!!!Maybe still helpful but misguiding question|See answer of Doug M for insights|I mistook remainder for result.
I hope you are doing well. So I did this course on Brilliant about infinities. It is structured like a quiz. One question to come up was:
"Suppose you had a complete finite list of every prime (assuming this is even possible to do). You multiplied all of them together, and added one, getting the number Q. What remainder would there be when Q Q Q is divided by any of the primes?"
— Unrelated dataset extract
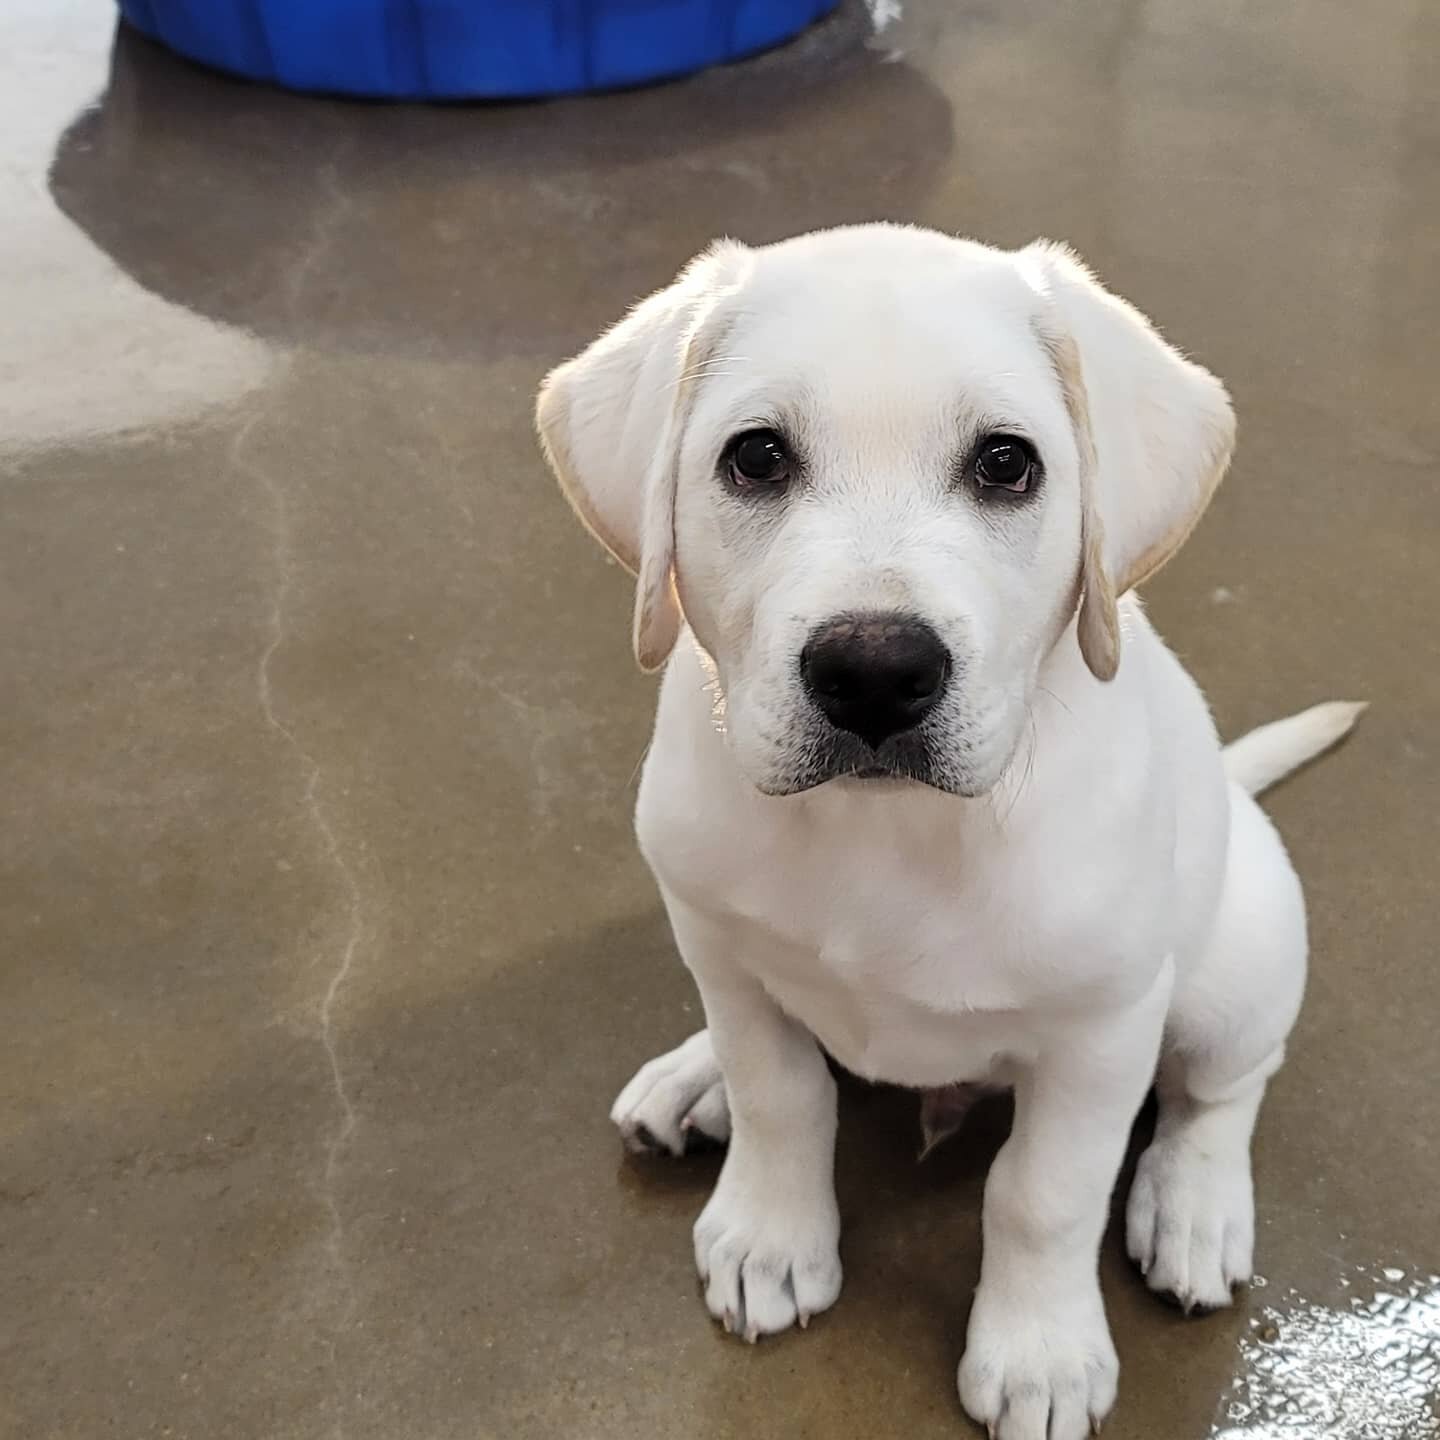 Soooo this little gem of a pup goes by the name Ruger. He is one of our regulars and is such a joy to have every week. He is about 4 months old and is a white lab. He is growing like crazy!!! His parents say they love bringing him because daycare wea
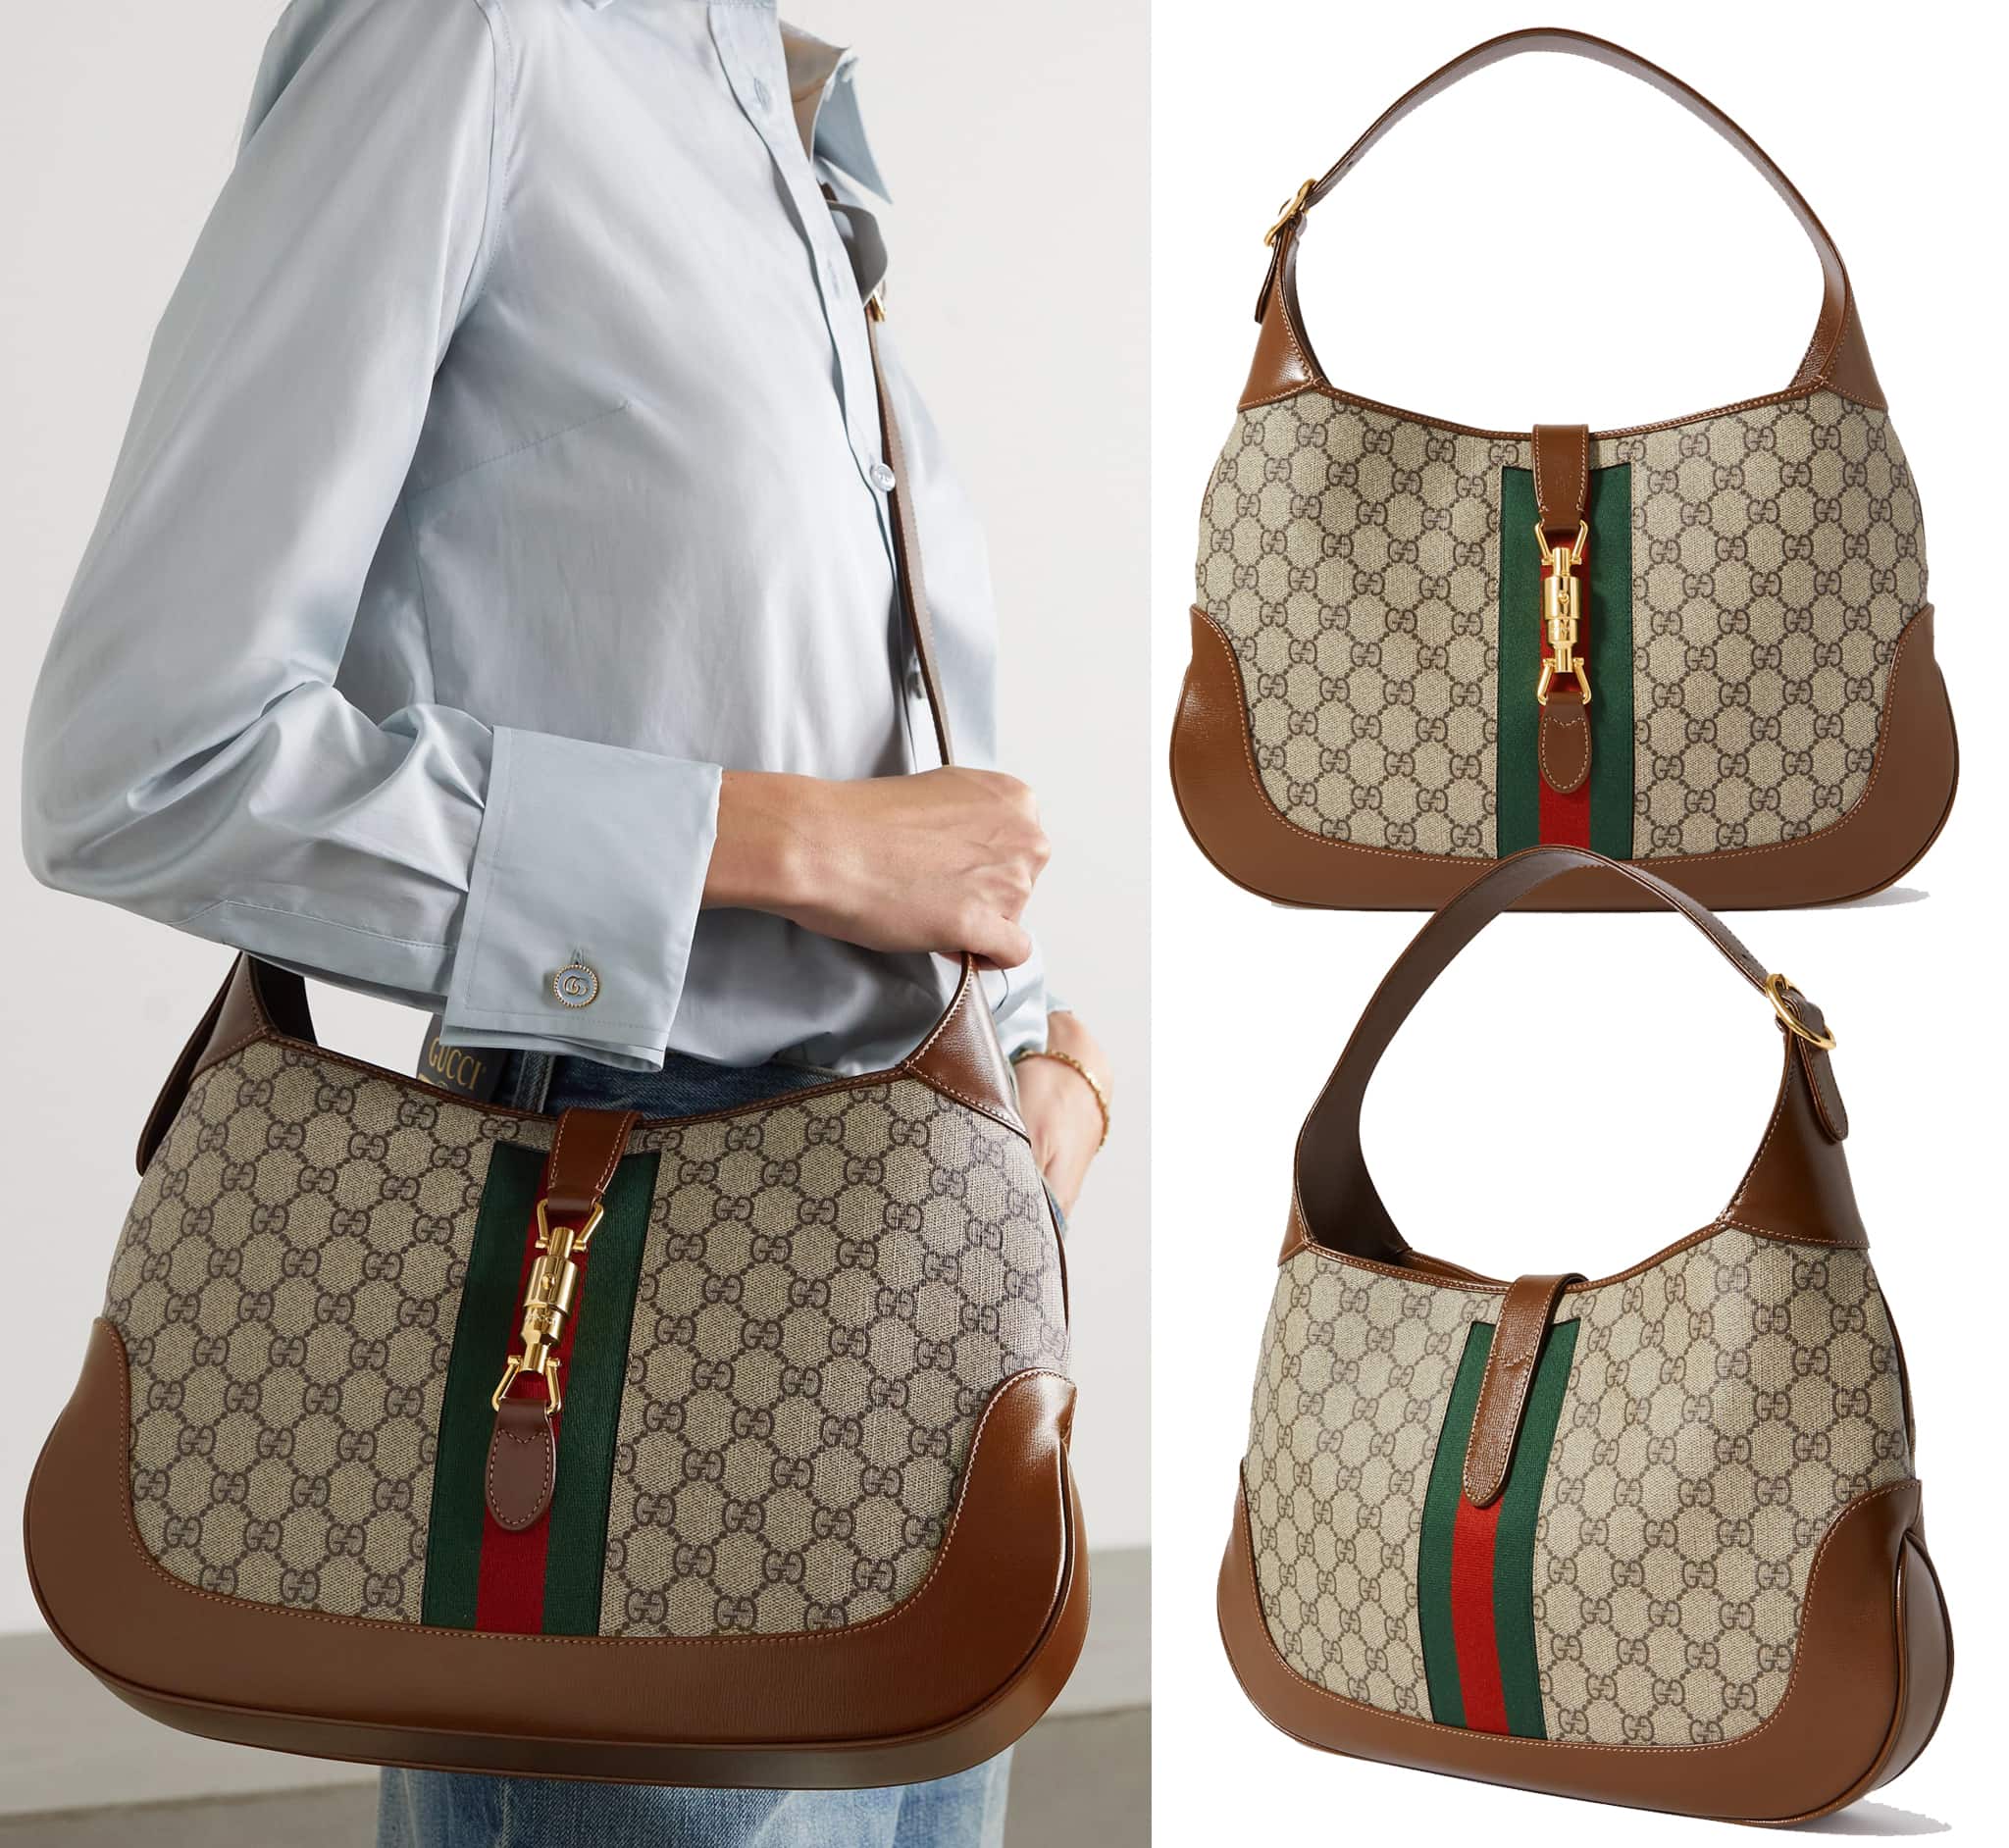 Revived from the archive, the Gucci Jackie 1961 is made from GG Supreme canvas and comes with a detachable shoulder strap that adds a contemporary feel to the archival design

The options for an answer were:
- 0
- 1
- 2
- it varies based on the prime
So allegedly the answer is:
"Consider Q before the 1 is added to it: Q−1. Since Q−1 is formed by multiplying all primes together, all primes divide evenly into it! So, going back to Q,that means attempting to divide by a prime will result in a remainder of 1 in every case."
Hear me out (and excuse my terrible LaTex^^): If x=any prime of the product Q-1, and Q-1/x=1 and Q-1/Q-1=1 then this infers that Q-1=x. So the answer implies that the product of a given set of primes is equal to any of its multiplicands ?
What am I missing here ?
Suppose we have a list of prime numbers.
We multiply all the numbers on this list together. This number is divisible by every prime number on our list.
Next, we take the number that is the product of all primes on our list and add one. What we now have is not divisible by any number on our list. The remainder will always be 1.
This means that the number we have created... the product of primes + 1 either is prime (and not on our list) or has prime factors that are not on our list. Either way, no list of prime numbers is complete. Hence the set of prime numbers is infinite.